More than 30 years ago, the founders of the Union for Traditional Judaism created the halachic template upon which Yeshivat Maharat’s ordination has now been established. But in contrast to their counterparts at Yeshivat Maharat today, they were not hailed as “visionaries and risk-takers” at the time. On the contrary, they were caricatured as reactionaries and misogynists — despite the fact that they asserted the legitimacy of women serving as spiritual leaders, so long as a handful of halachic parameters would be respected.

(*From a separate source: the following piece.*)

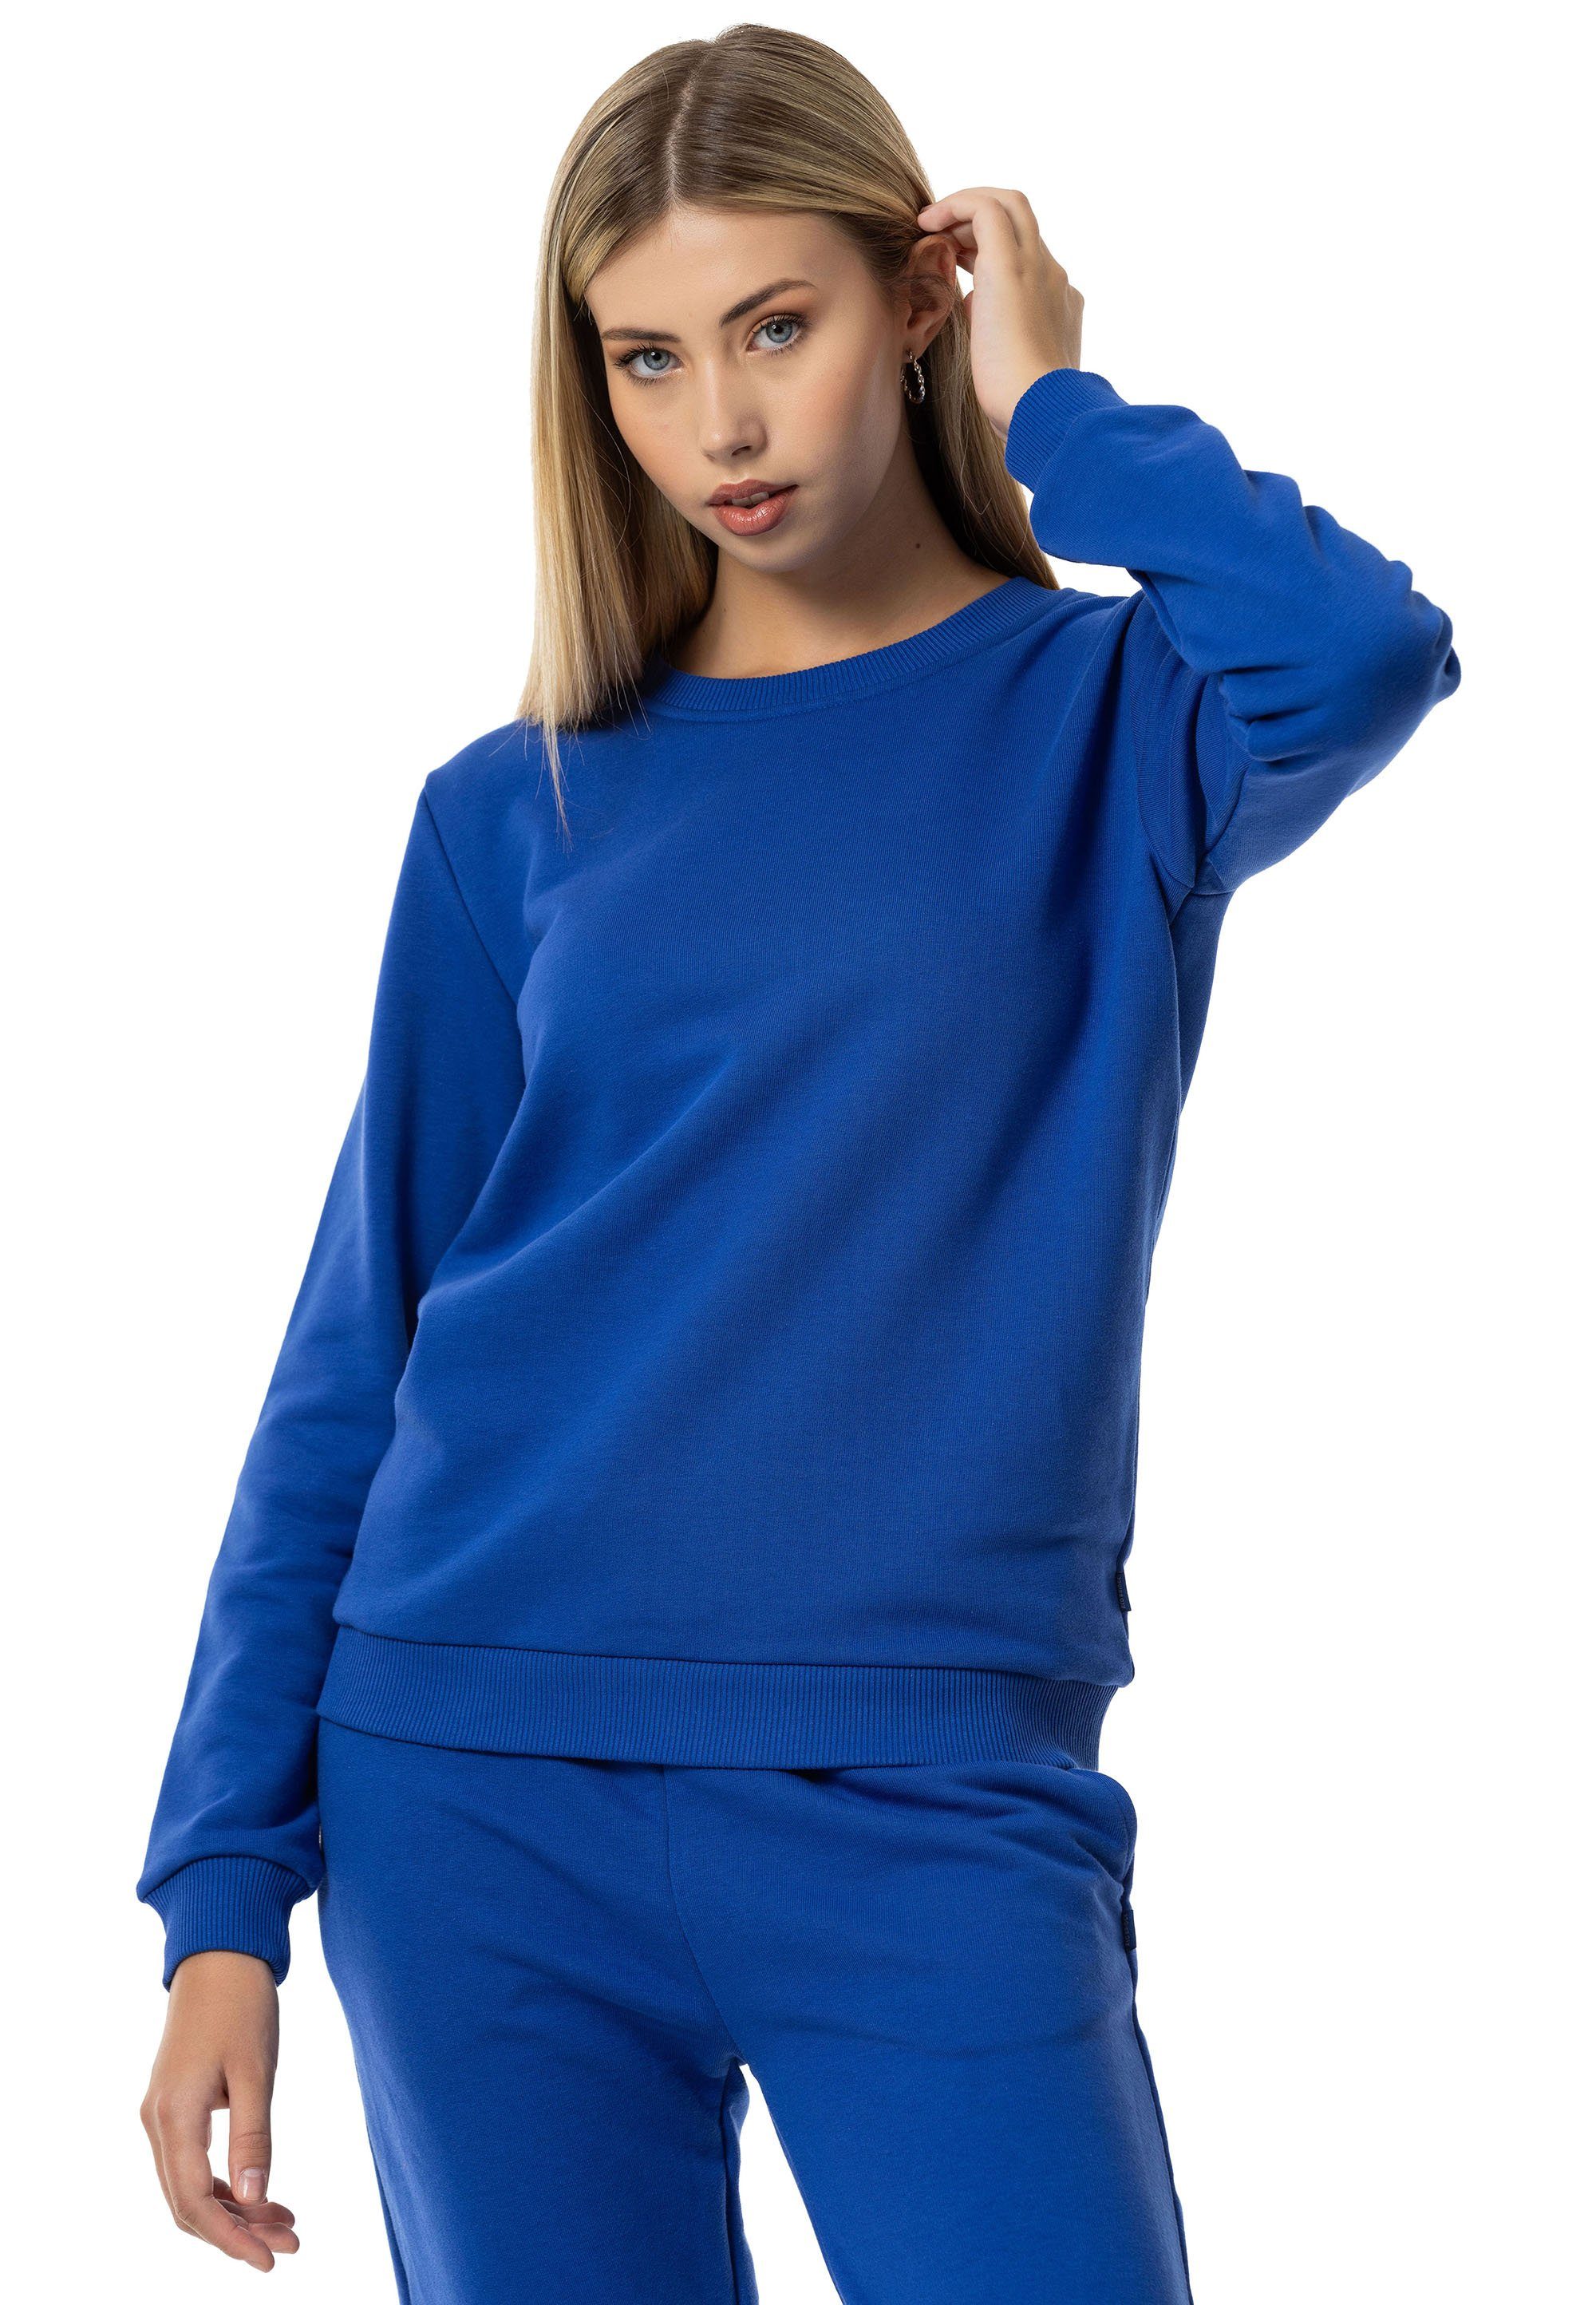 RedBridge Saxeblau Sweatshirt Rundhals Qualität Pullover Premium

And what were those parameters? Namely, the age-old requirement that a minimum of 10 men be present for communal prayer; the necessity of delegating a man to chant the core liturgy and read the statutory Torah portion; and the obligation to call upon men both to serve as witnesses for documents like ketubahs, or marriage contracts, and constitute beit dins, or religious courts, for purposes like conversion. 

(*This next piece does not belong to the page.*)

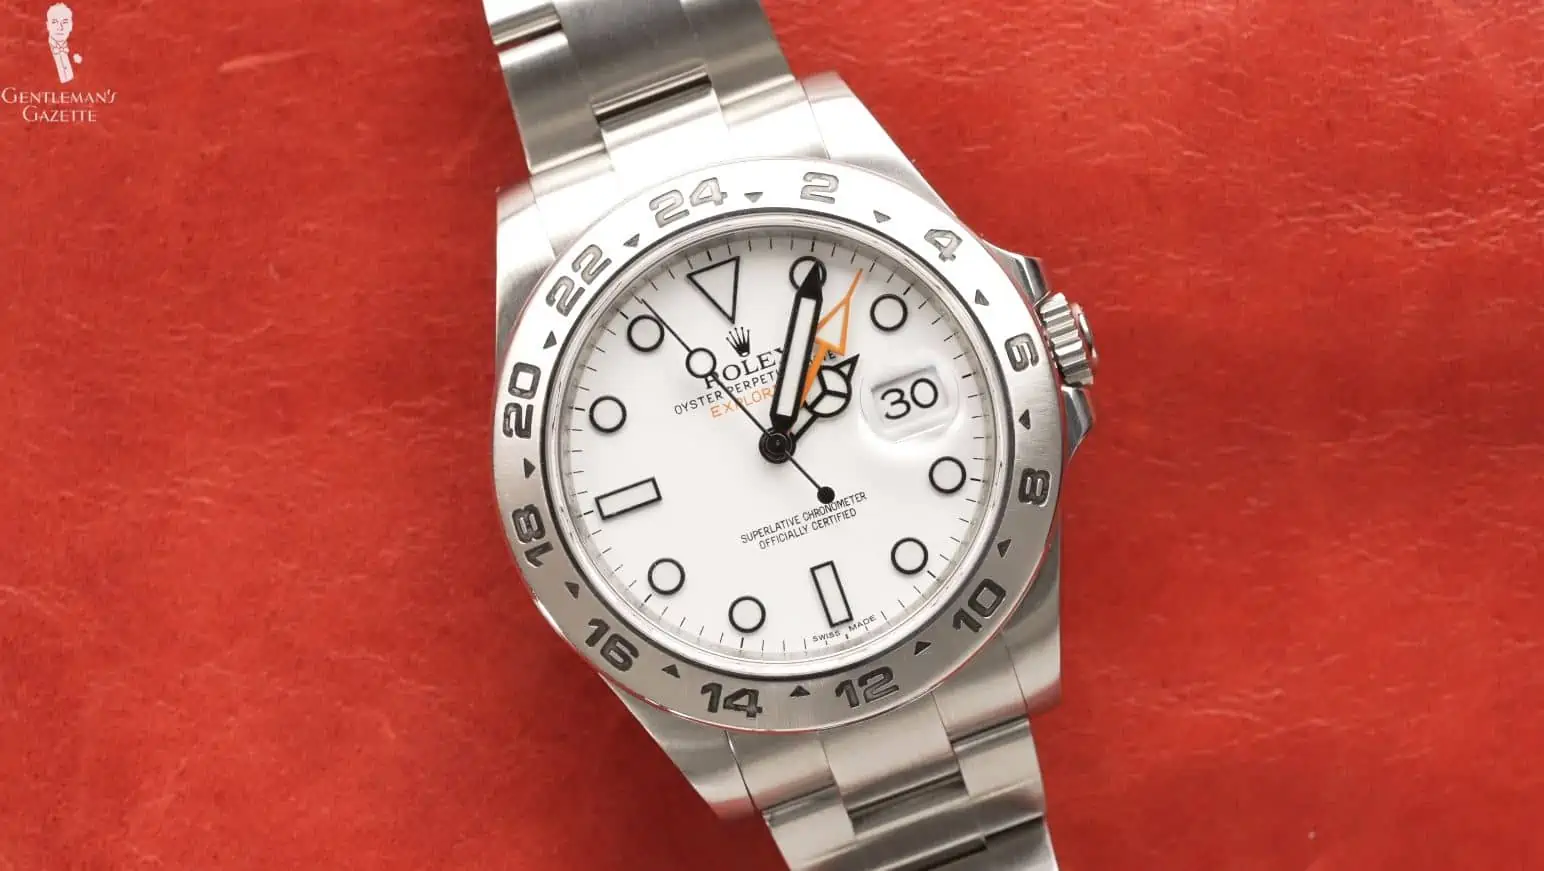 A date window as shown on a Rolex watch

This prototype, articulated three decades ago, is precisely the Jewish legal framework now undergirding Yeshivat Maharat’s ordination. While faithfully adhering to Jewish law, it fully enables women to perform the great majority of the functions expected of congregational rabbis: among other things, to teach, counsel, write and preach; to visit the sick, officiate at life cycle events, oversee synagogue programming, distribute tzedakah, champion Israel, and work with the broader community.

The UTJ’s pioneers believed that women interested in making a genuine contribution to Jewish life would find such a leadership position worthy of their talent and effort. Convinced that the legitimate issues raised by the international women’s movement would someday need to be addressed by the halachic world, the UTJ’s founders felt that the only real questions pertaining to women’s religious stewardship of the Jewish community were how it would be achieved and by which institutions.

Given the fact that, at the time, Orthodoxy was as monolithic in its dismissal of Jewish feminism as Reconstructionism and the Reform movement were in embracing it, the founders of the UTJ hoped that by adhering to the halachic process, the Conservative movement could make an enduring contribution to the Jewish future. Alas, this was not to be.

The model proposed by the UTJ’s founders was rejected. In fact, even after initially presenting the decision to ordain women as conditioned on the candidates’ simple acceptance of the obligation to pray three times a day, the Jewish Theological Seminary soon dropped that pretense — asserting the “ethical imperative” of eradicating role distinctions between men and women. At JTS, there would be no limitations imposed by Jewish law on a woman’s exercise of the rabbinic office. In the tug of war between egalitarianism and the halachic process, egalitarianism won.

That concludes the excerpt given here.